Улыбки расправляют морщины усталых пассажиров, а супруг рассказчицы, тот и вовсе хохочет, понарошку утирая усы от пенного, выпитого некогда за компанию с жуками. Хорошее было лето, жаль только, что скоро прошло.
По-людски
Лес чудился не чем иным, как коралловым рифом на морском дне. Облепивший его снег был назойлив без меры, навязывая свою волю, он принуждал деревья кланяться низко, так близко к подошедшей рыхлыми сугробами опаре земли, что уж и не бывает ближе. Только если в ней самой. С кустами снег не церемонился, с травою был и вовсе беспощаден. От неё не оставил он не то следов, но даже напоминания. Ещё вчера самые стойкие из трав держались на виду, в снегу по пояс, а то и по щиколотку, или тянулись к низкому от облаков небу на цыпочках пожухлых, изрезанных настом листьев, втянув худые животы стеблей. Седые головы трав кивали радушно и ветру, и проходящим мимо, но нынче… Сломлены, раздавлены, не сыскать уж их, поди…
Под снегом оказались погребены и звериные тропы, чья очевидность вселяла в лес надежду, наделяла радостью, служили свидетельством его обитаемости, делала уютным, наполненным жизнью, что вызывает к себе излишний, но неподдельный интерес и вредное, подчас, сострадание:
— Как они там, бедные, и в дождь и в стужу? Как же они там одни, без нас…

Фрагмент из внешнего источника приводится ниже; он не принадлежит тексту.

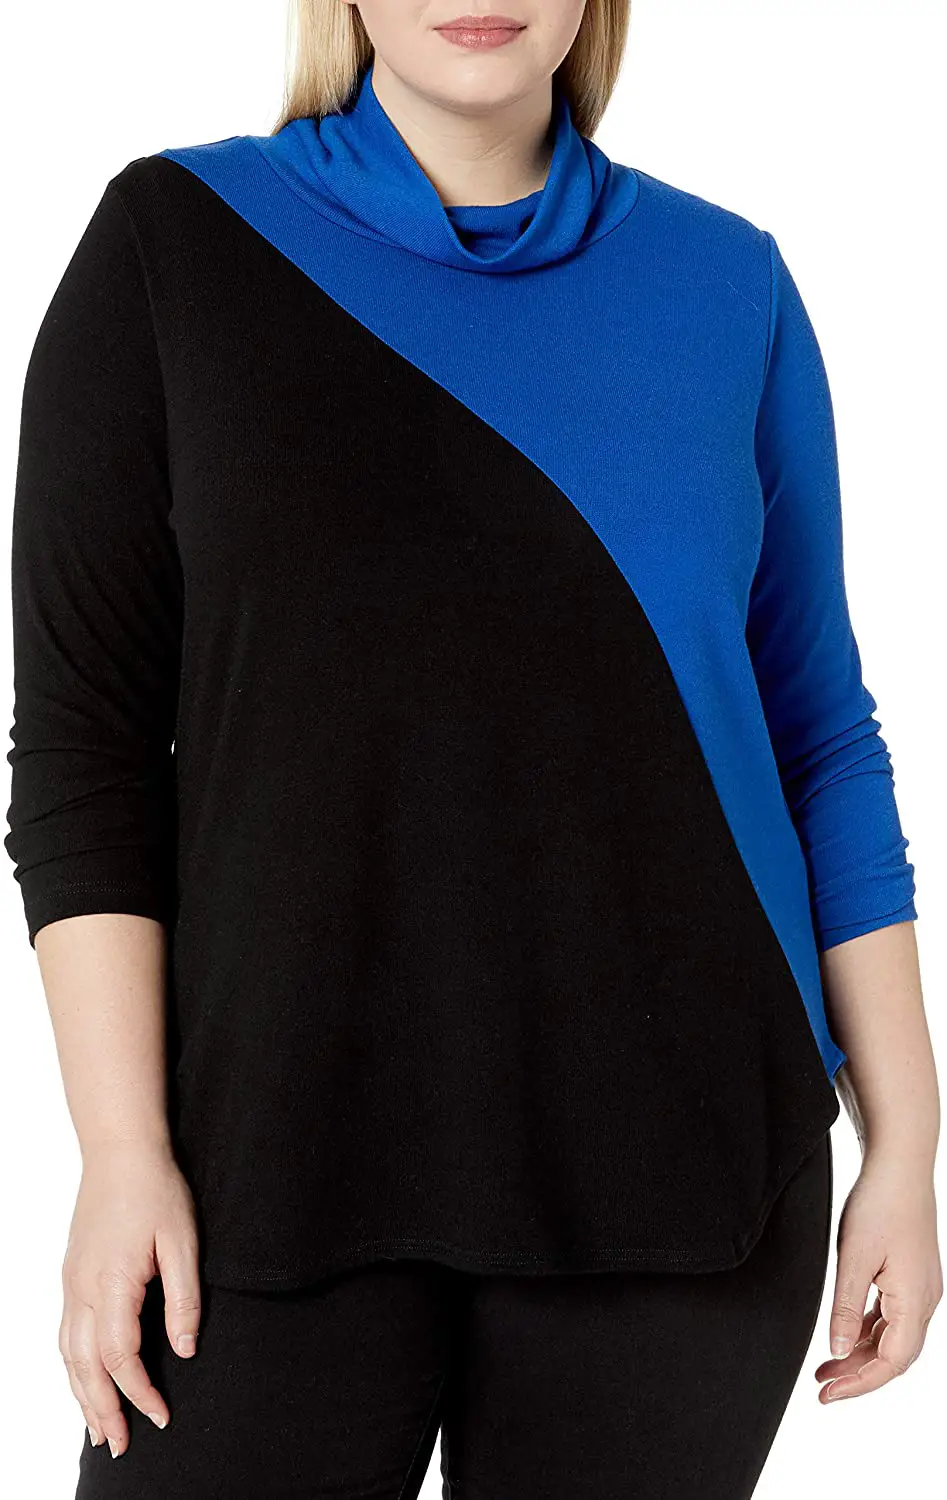 Plus Size Turtleneck Sweater 06

— Да уж ничего, вашими молитвами. — Вздыхал, слегка сутулясь, дуб, и сокрушённо качая головой.
То неспроста. Он хорошо помнил несчастный день, когда олениха, покормив своё новорождённое дитя, оставила его на попечении дуба, в траве рядом с ним. Дубок был тогда молод и гибок, землю мог разглядеть близко, намного ближе, чем теперь. И принесла же в ту пору нелёгкая в дубраву людей. Как увидали они оленёнка, запричитали, заохали, мол, бросила нерадивая мать своё дитятко на произвол судьбы, на съедение волкам. Ну и завернули малыша в рубаху, да унесли. Уж как не тянул дубок свои ветки к людям, как не ронял сучки со щепочками им под ноги, как не молил оставить в покое беззащитное дитя, не поняли они его стенаний, порешили — ветер гонит непогоду, нужно спешить-поспешать, дитя утешать. Да всё по-своему, по-людски.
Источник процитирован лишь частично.